We hit our required number of COVID cases extremely quickly because there was so much COVID circulating in the population, which then let us see the overwhelming number of cases were in the unvaccinated group.
The speed with which we hit all the benchmarks for a successful trial caused some people to think it was rushed, when in reality we collected the exact same data we would have if all three phases had taken 10 years to accomplish.
People also had visceral reactions to vaccine mandates.
If no one has taken the time to explain the vaccine development process, the benefits and limitations, or the technology behind the vaccines to you, then it makes sense you might have reservations about taking a vaccine.
But when people talk about the evils of vaccine mandates, I feel like it comes from a place of viewing public health as an evil entity.
The less generous, more conspiratorial views of vaccine mandates seem to frame them as a way for public health professionals to get rich, and don’t often talk about how mandates were put in place as an economy-stimulating choice as well.
The government and employers wanted employees to be able to return to work without the risk of shutdowns due to widespread illness.
Vaccines have drastically changed the landscape of COVID today.
The population’s mixed immunity (meaning most of us have antibodies from prior infections, vaccines, or both) has significantly reduced COVID deaths.
In 2022, COVID was the fourth leading cause of death in the U.S. In 2023, it was the 10th, dropping more than 70% over the last year.
Vaccination has also been shown to significantly reduce the risk of developing one of the greatest mysteries of the COVID pandemic, long COVID, even in children.
We now know that a big contributing factor to severe COVID is the dysregulation of the immune system—when an overactive immune response creates a level of inflammation that does more harm than help, and people can experience respiratory failure.
COVID also appears to increase blood clotting, which puts people at risk for neurological symptoms as the immune cells of the brain are activated and attack their own healthy brain cells.

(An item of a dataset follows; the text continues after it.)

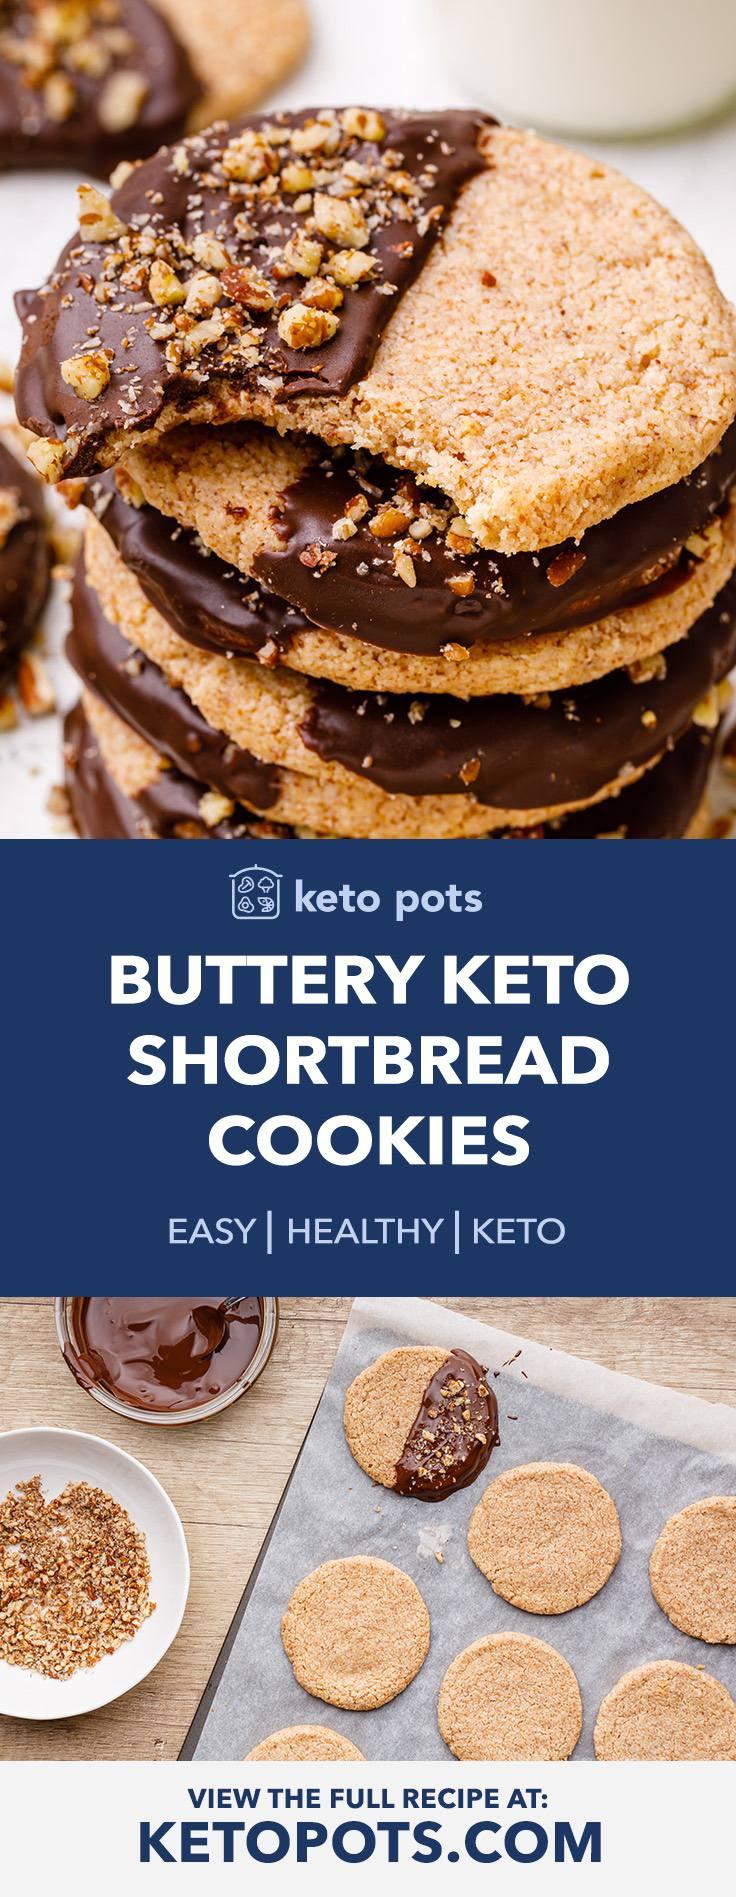 Keto Shortbread Cookies with Pecan Dust Crumble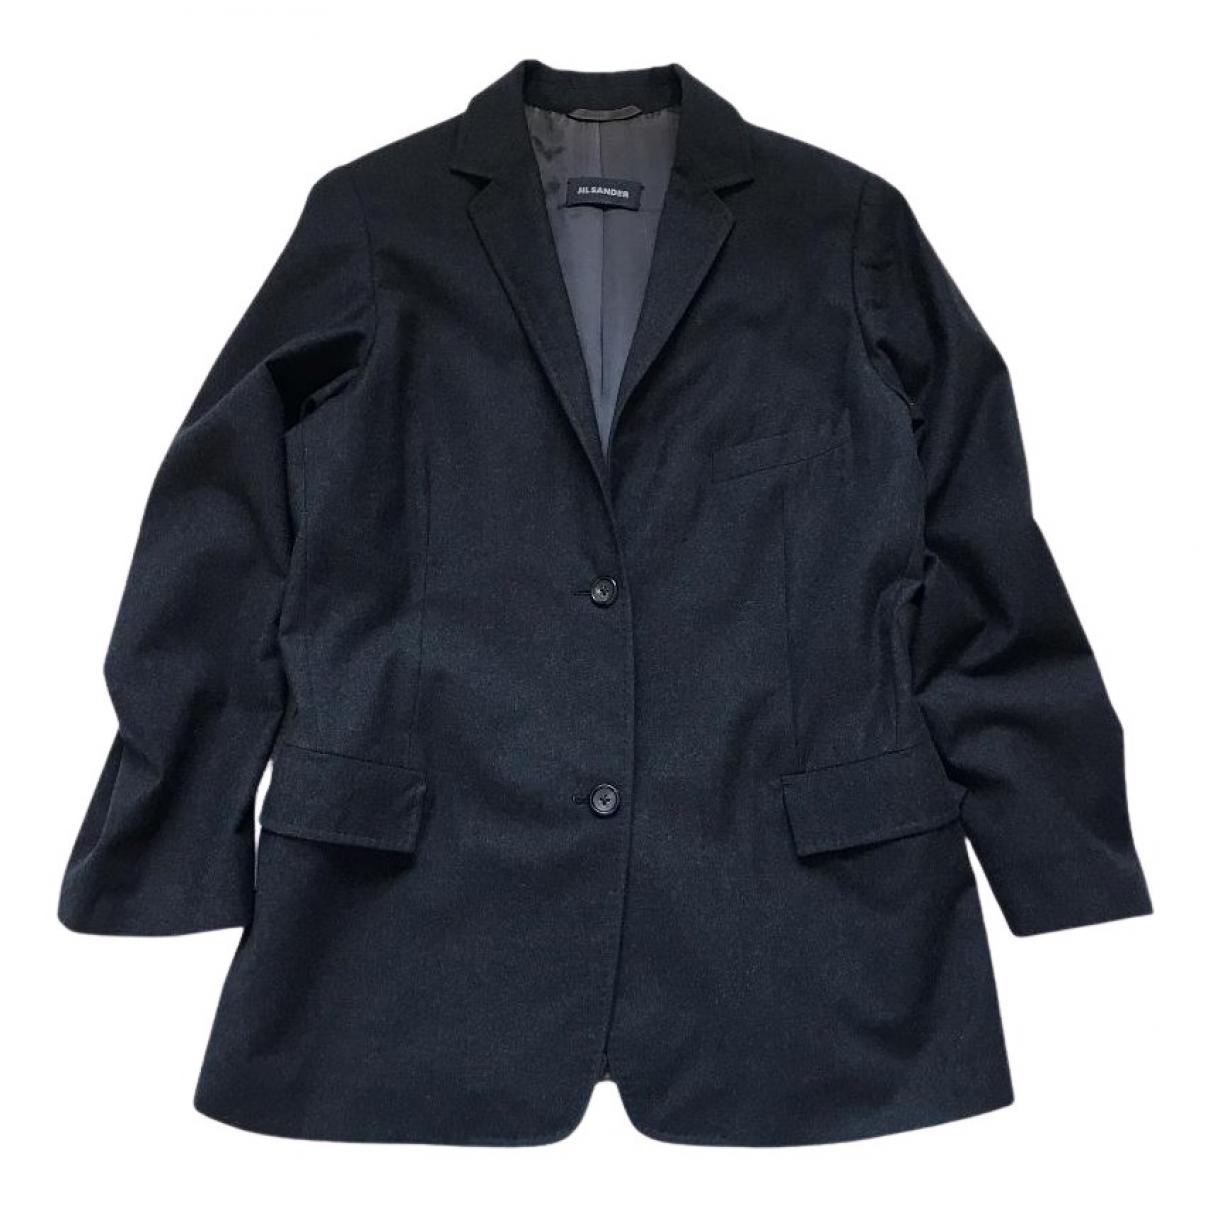 Jil Sander \N Anthracite Wool jacket for Women M International

For a portion of the population, the symptoms of COVID can persist for months after the acute infection ends, resulting in what we now call “long COVID.”
It’s extremely difficult to estimate the prevalence of long COVID, because many surveys conducted for the task rely on things like self-reported COVID infections and symptoms.
If someone doesn’t test for an infection, it’s possible they could develop symptoms and not know that it could be the result of COVID.
Even if the prevalence of long COVID in the U.S. is under 4% (which is where some estimates put it), that’s still a huge number of people.